Los dos se habían conocido en secundaria. Compartían apellidos y les sentaron juntos. Laín era repetidor y tenía la boca llena de consejos. Frótate los dedos con limón, así tus padres no sabrán que has fumado, o escúpete en la mano antes de tocarle a una chica entre las piernas. Cosas así. Por aquella época también empezó a vender entre los de los cursos precedentes pastillas de Avecrem que hacía pasar por hachís. El engaño no le duró mucho, pero fue el punto de partida de sus negocios.

Alguien llamó al timbre.

Cuando los estafados se organizaron para reclamarle el dinero, Laín les convenció para unirse a él y vender juntos el Avecrem entre los alumnos aún más pequeños.

El timbre sonó una vez más.

Vidal corrió a quitar el volumen y se quedó quieto al lado del aparato reproductor. Después comenzaron a aporrear la puerta. Una voz femenina dijo:

—¡Abra por favor, no soy una testigo de Jehová!

Se descalzó para acercarse a la entrada con sigilo cenobita y echó un vistazo por la mirilla para confirmar que su interlocutora era una mujer y que no estaba acompañada.

—¡Sé que está ahí! He oído la música.

Era baja y tenía un aspecto corriente. Vestía una camiseta negra con vaqueros y botas militares y cargaba con una mochila abultada.
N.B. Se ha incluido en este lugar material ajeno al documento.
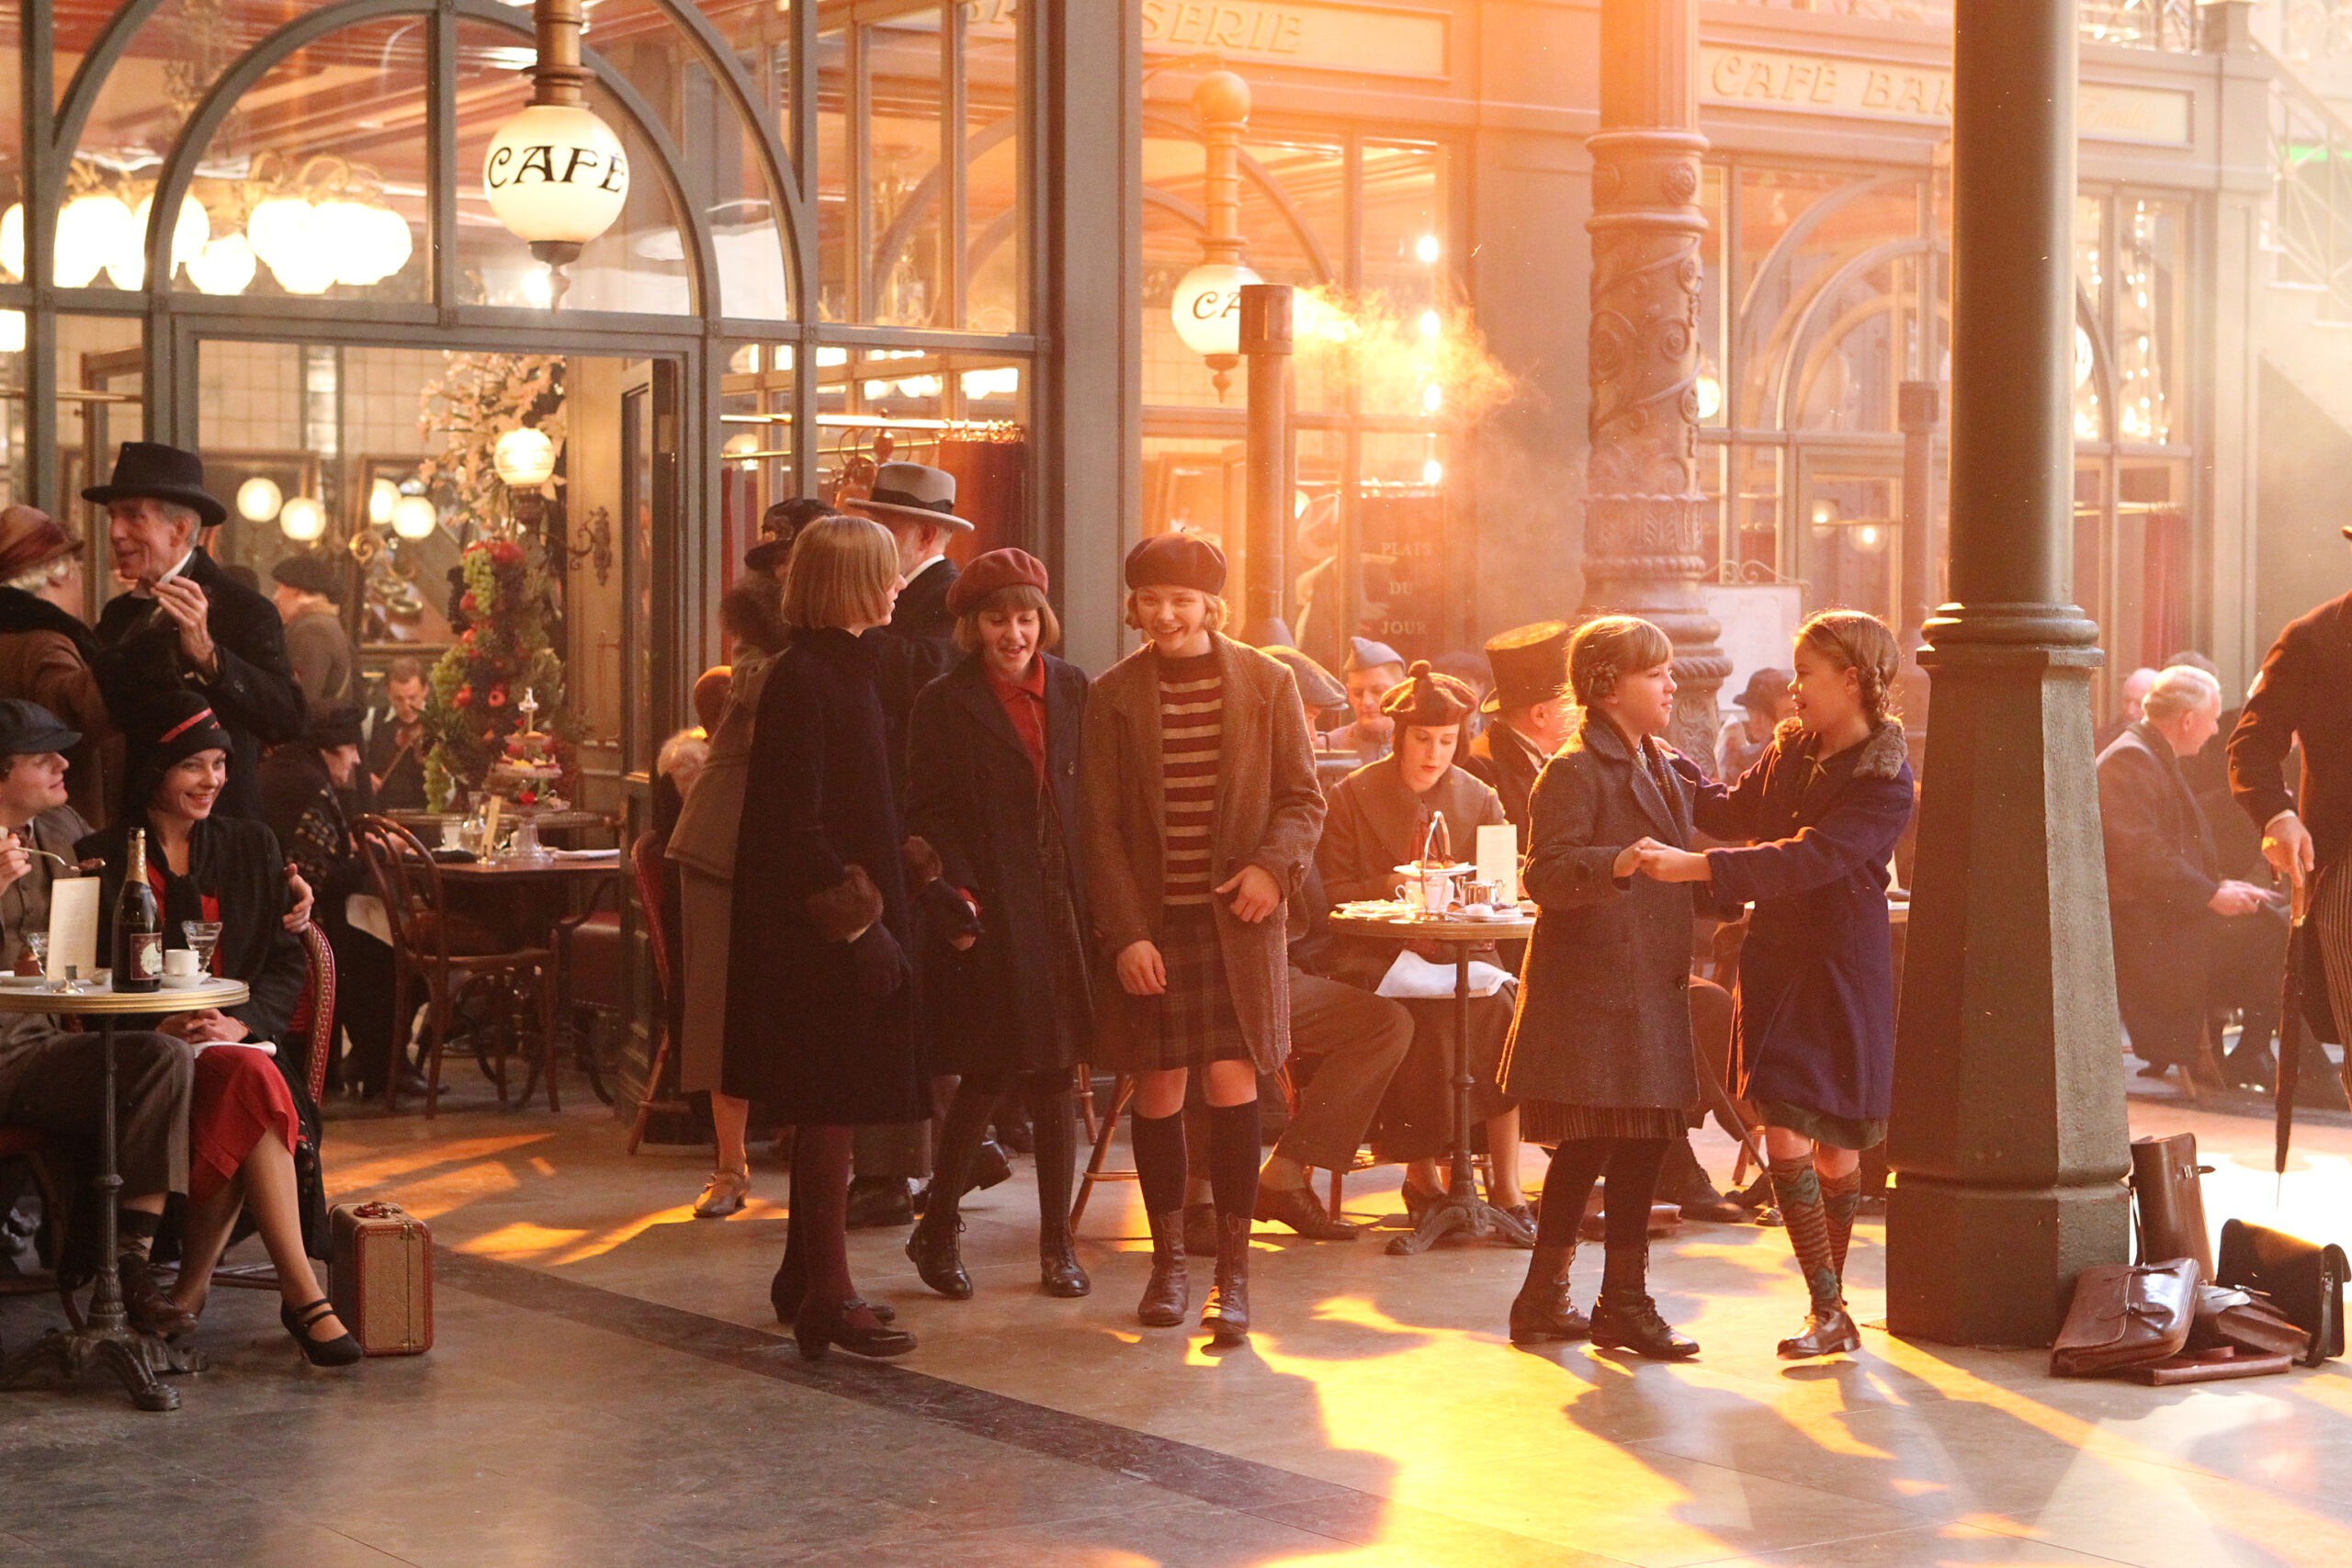 HUGO - Directed by Martin Scorsese - Int. Montparnasse Station, Stage Set - ©2011 - Sony Pictures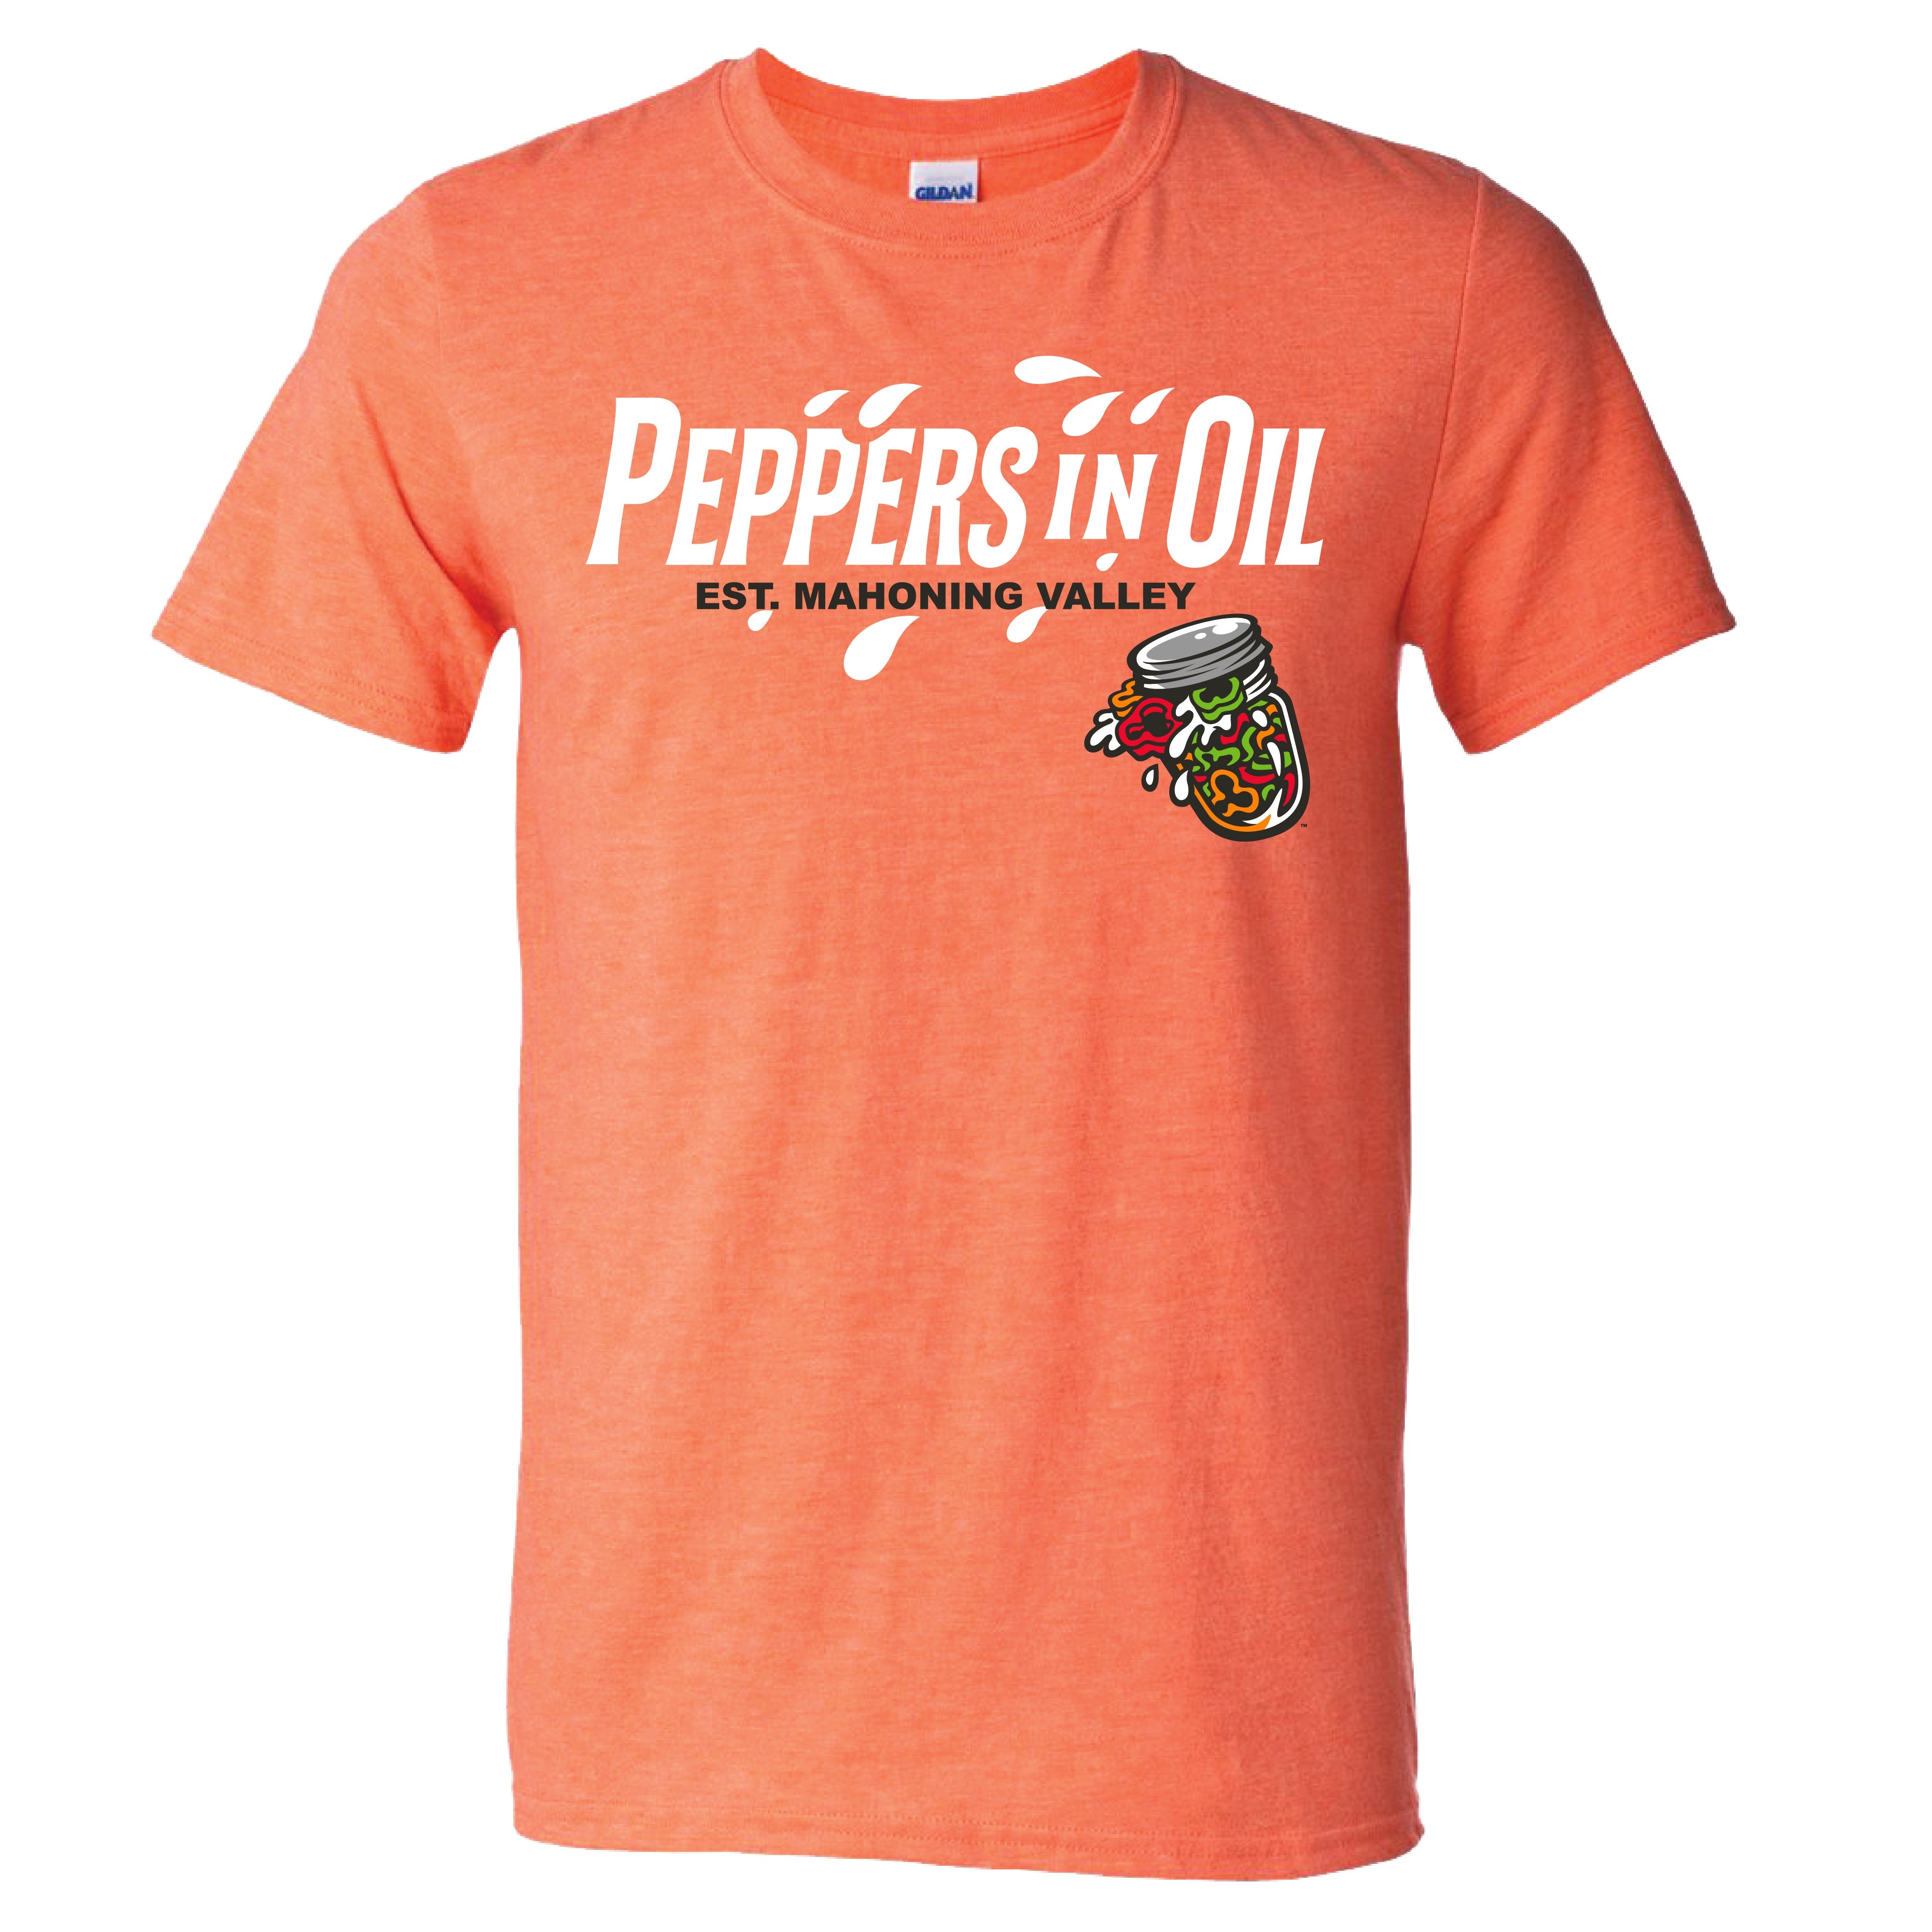 Adult Orange Peppers in Oil T-Shirt-0

—¿Qué es lo que quiere? —preguntó él.

—Le han entregado algo que era mío.

—Ya le he dicho a su amigo que no lo tengo.

—Con quien quiera que haya hablado no es mi amigo…

La mujer se quedó inmóvil, como proyectando su mirada más allá de la puerta. Luego retrocedió unos pasos para abrir el ángulo de visión que le suponía a Vidal y dijo: mire esto, y se levantó la camiseta para mostrar una cicatriz que le cruzaba el bajo vientre justo por encima del pubis.

La puerta de la casa se entreabrió y Vidal se asomó sutilmente. «¿Qué es lo que quiere decir?», preguntó.

—Creo que es bastante evidente, el riñón era mío.

Desde su lugar, Vidal no era capaz de ver con detalle el abdomen de la mujer, así que se estiró para acercarse un poco a ella y observarla con más detenimiento. Tras un instante dijo:

—Esa no parece la cicatriz de alguien a la que le acaban de quitar un riñón…

La chica dejó caer la camiseta a su posición inicial.

—…además, tu aspecto es demasiado normal como para estar recién operada.

Un rechinar de bisagras evidenció la intención de Vidal de cerrar la puerta.

—¡Espere! —dijo ella—. Es cierto, la cicatriz es de una cesárea, ¿qué eres, un friki de las cicatrices o algo así?

La mujer le dijo que en realidad el riñón pertenecía a su hermana, que lo había vendido con la intención de que ambas se fueran de retiro a un ashram en India. Era uno de los más reputados, y citó el nombre de un puñado de actrices que habían pasado temporadas en él y que Vidal no conocía. Luego le dejó su teléfono para enseñarle algunas fotos de la operación, en las que una joven aparecía dentro de un cuartucho que hacía las veces de quirófano. Tenía el rostro muy pálido y unas pecas que destacaban tanto que era como si le hubieran espolvoreado ralladura de naranja encima.

—Yo no tengo nada que ver con eso —dijo Vidal devolviéndole el teléfono.

—Más de lo que tú te crees. Esos tipos nos dieron un adelanto y tienen intención de recuperarlo. Y les dará igual hacerlo a través de nosotras o de ti.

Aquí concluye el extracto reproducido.